Even the pre-BETA (Windows Developer Preview) has been shared, giving developers and curious tech folks like myself an opportunity to see what direction Windows 8 is going in and also help make suggestions as to areas needed for improvement.
This is a win-win situation for Microsoft because it gives people the view that Microsoft is open and wants input, and honestly it also gives Microsoft thousands of free bug testers.
Since releasing Windows Developer Preview, users have made many comments and suggestions that have helped change the way Windows 8 is developing. Part of the complaints had to do with Metro customization, the way Metro works on non-touch systems, and just basic bugs.

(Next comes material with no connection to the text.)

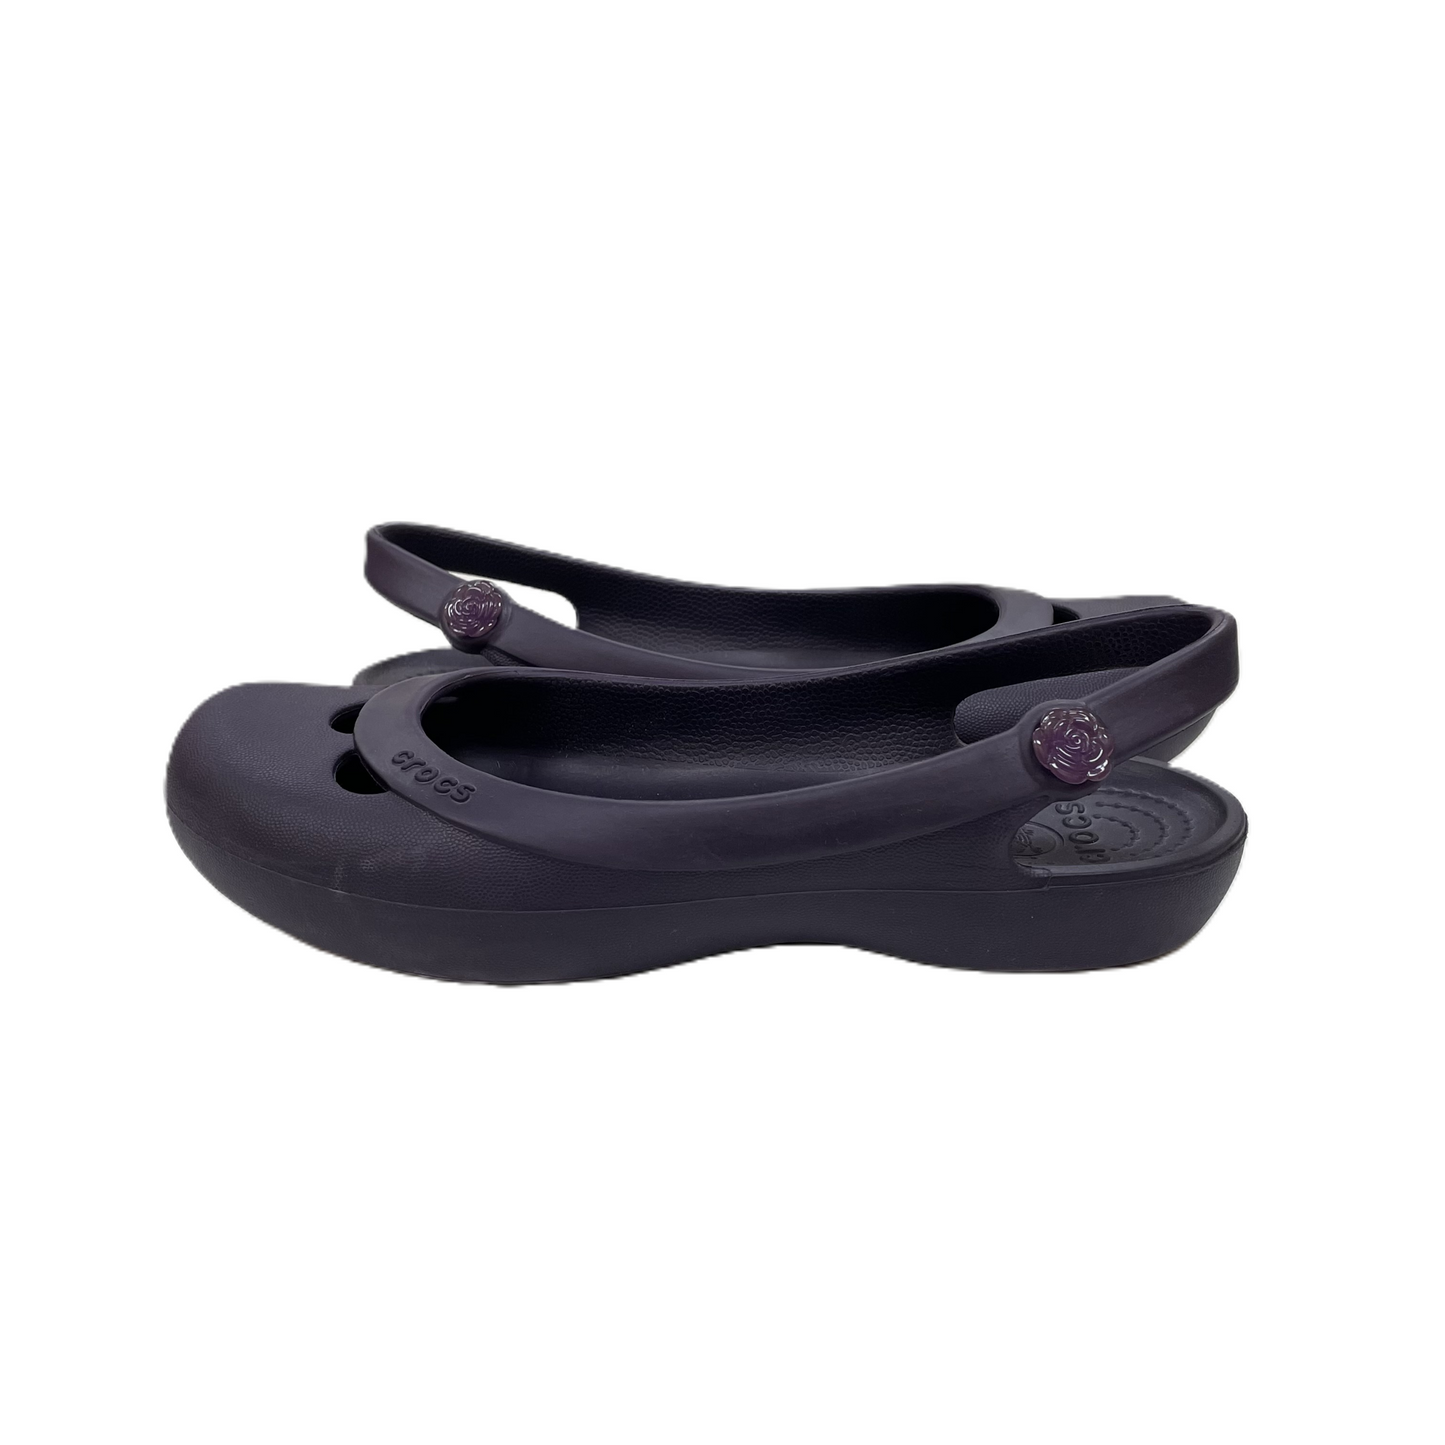 Purple Shoes Flats By Crocs, Size: 8
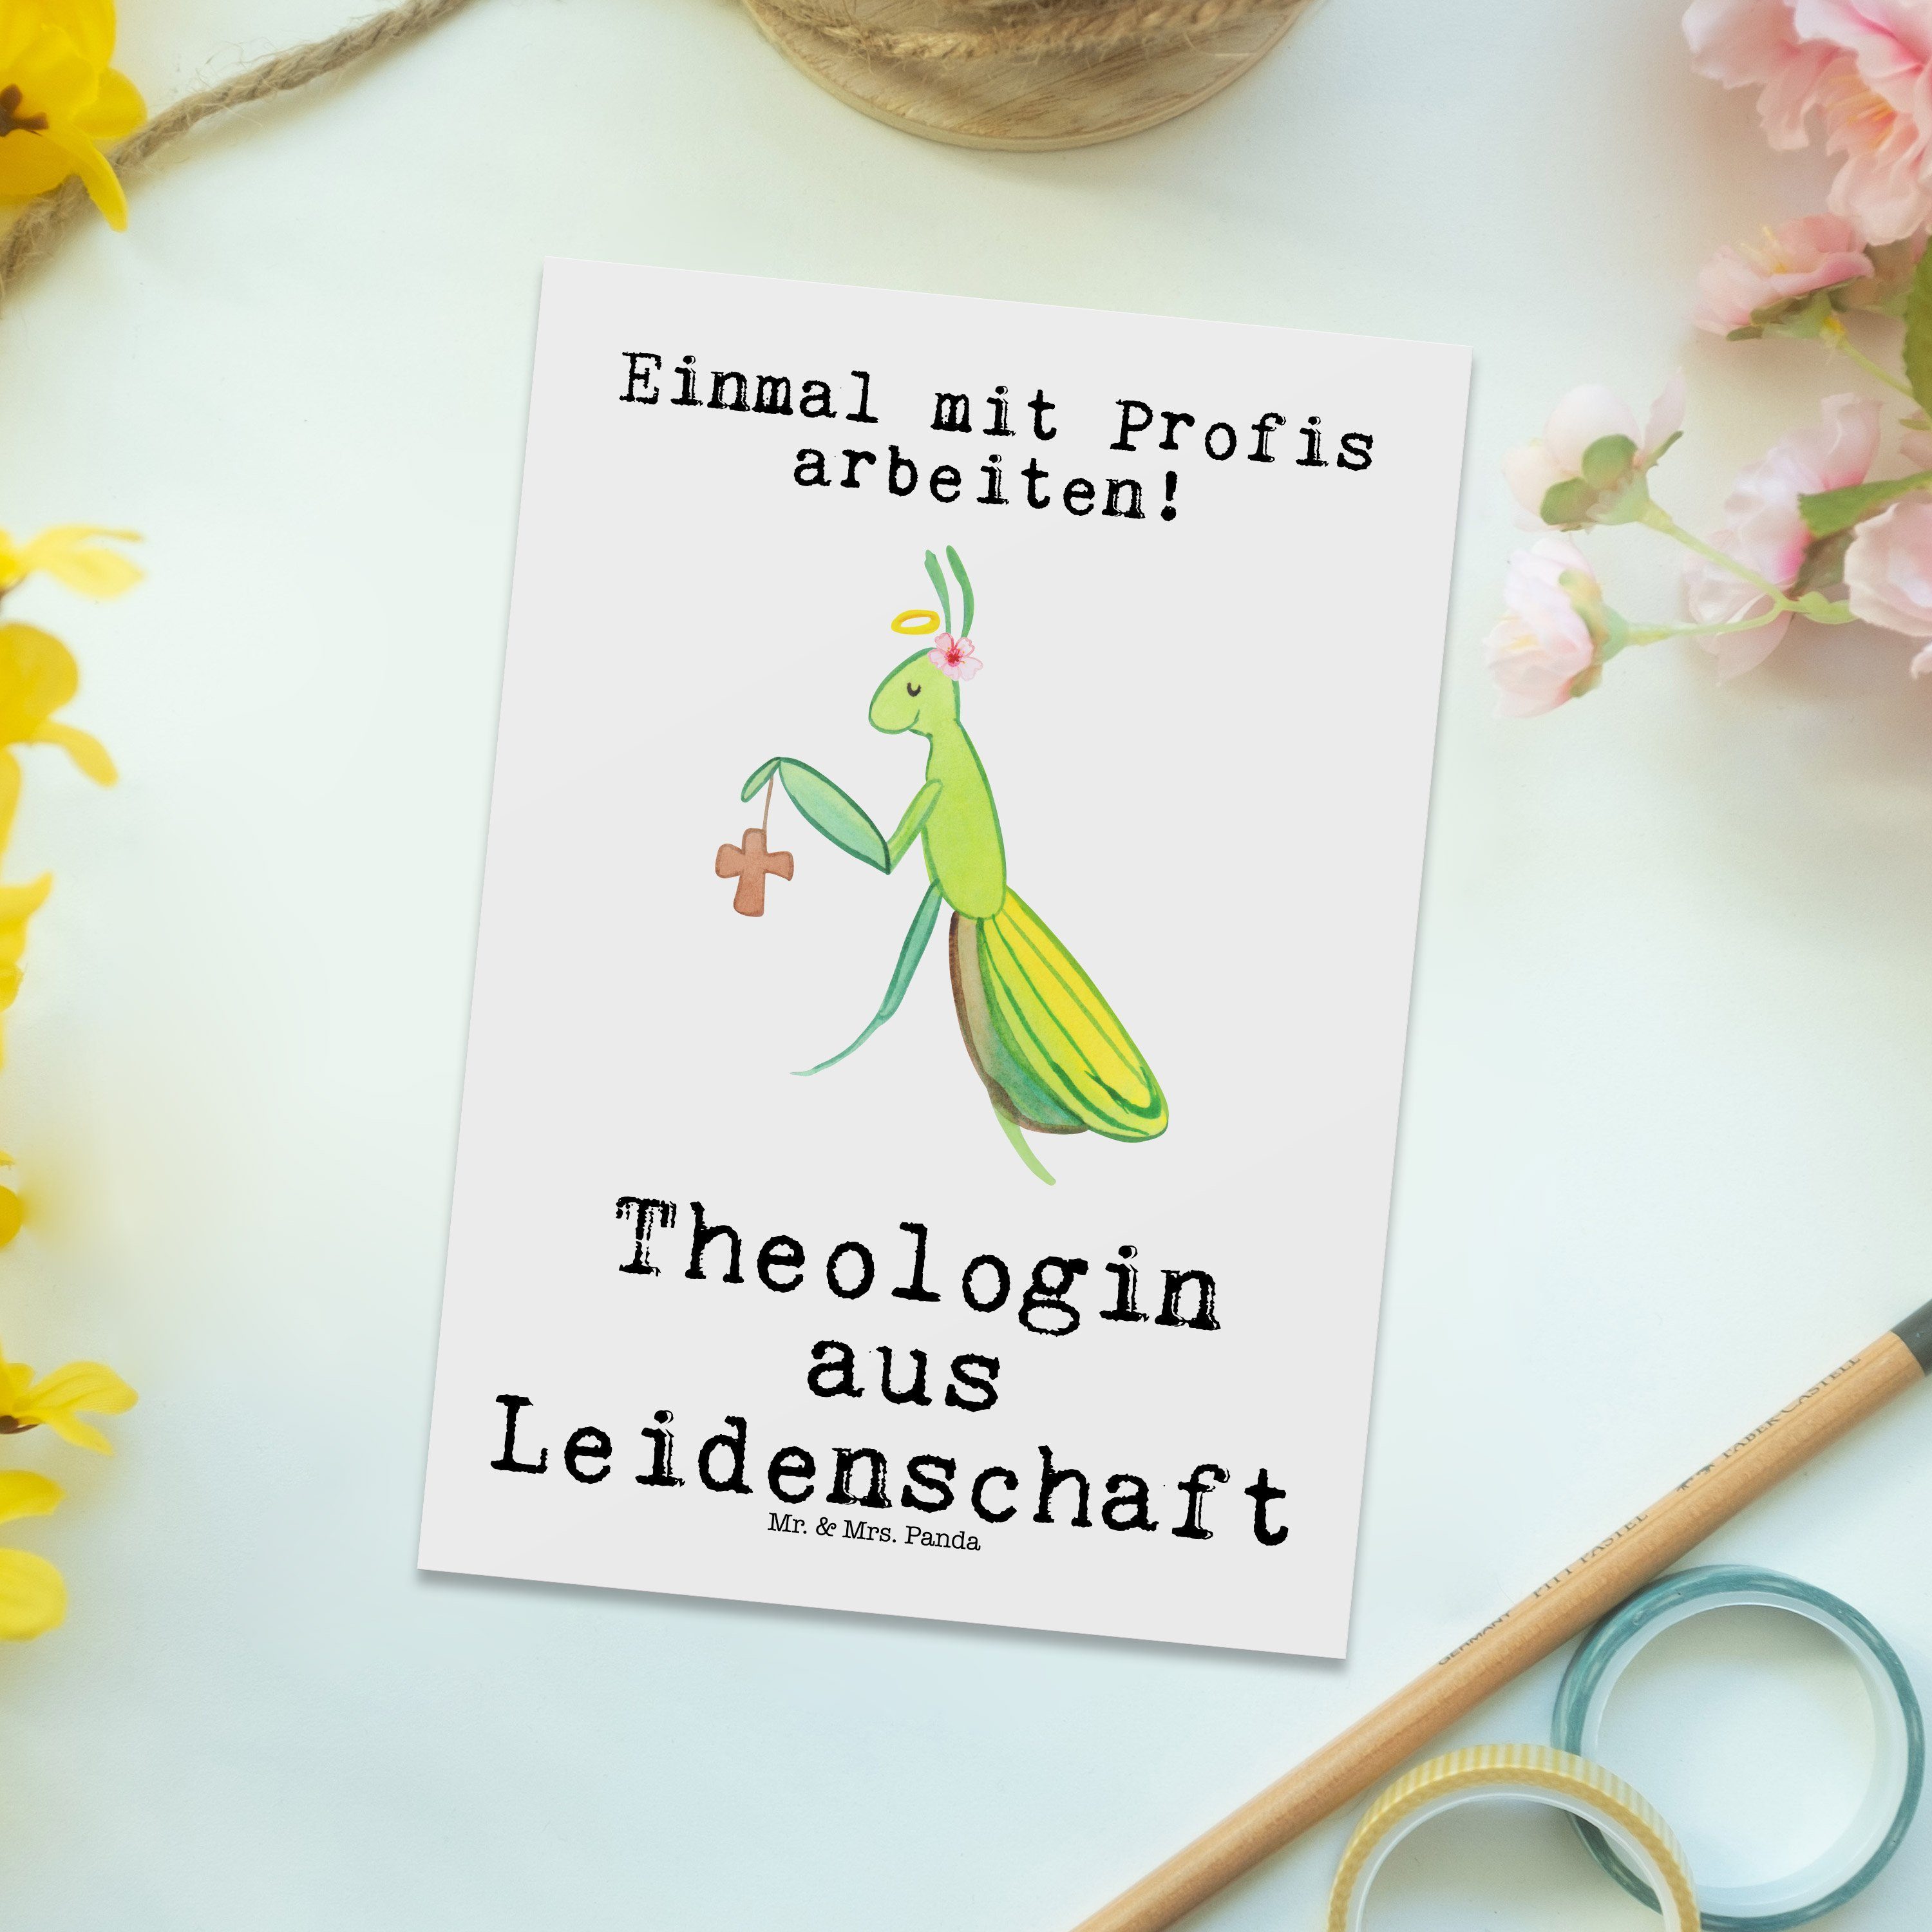 Panda Weiß & aus Dankeschö Leidenschaft Mrs. Geschenk, Karte, - Firma, Theologin - Mr. Postkarte

Although the time with the pre-Beta is coming to an end (with the BETA expected in the next 1-2 months), if you are interested in helping improve Windows Developer Preview this is as good as time as any.
For those of us already operating Windows Developer Preview, what is the best way to communicate with Microsoft about potential bugs and errors?
There is actually a special tool that you must download to report such bugs.
To me it seems a little odd that Microsoft didn’t bundle the bug reporting tool with Windows Developer Preview to begin with, but I guess they were trying to minimize bloatware and decided not everyone would want the tool.
Keep in mind that in order to use the tool you will need to first download the “File Transfer Manager” at http://transfers.one.microsoft.com/ftm/default.aspx?target=install.
The actual location for the Feedback Tool is http://connect.microsoft.com/site1147/Downloads/DownloadDetails.aspx?DownloadID=38389.
You may also be asked for an invitation code and so go ahead and use the code MSDN-76H9-3CFP, which was found at the site, My Windows Club.
With Windows Beta coming quickly, reporting bugs now is going to be the best way to ensure the most solid experience possible with the upcoming Beta.
What do you think of the idea of Microsoft having a separate “Feedback Tool?” Should Microsoft have just included the tool in the first place or was the idea of making it separate okay?
Of course so close to the Beta, it might just be better to wait until it arrives instead to get your first taste of Windows 8.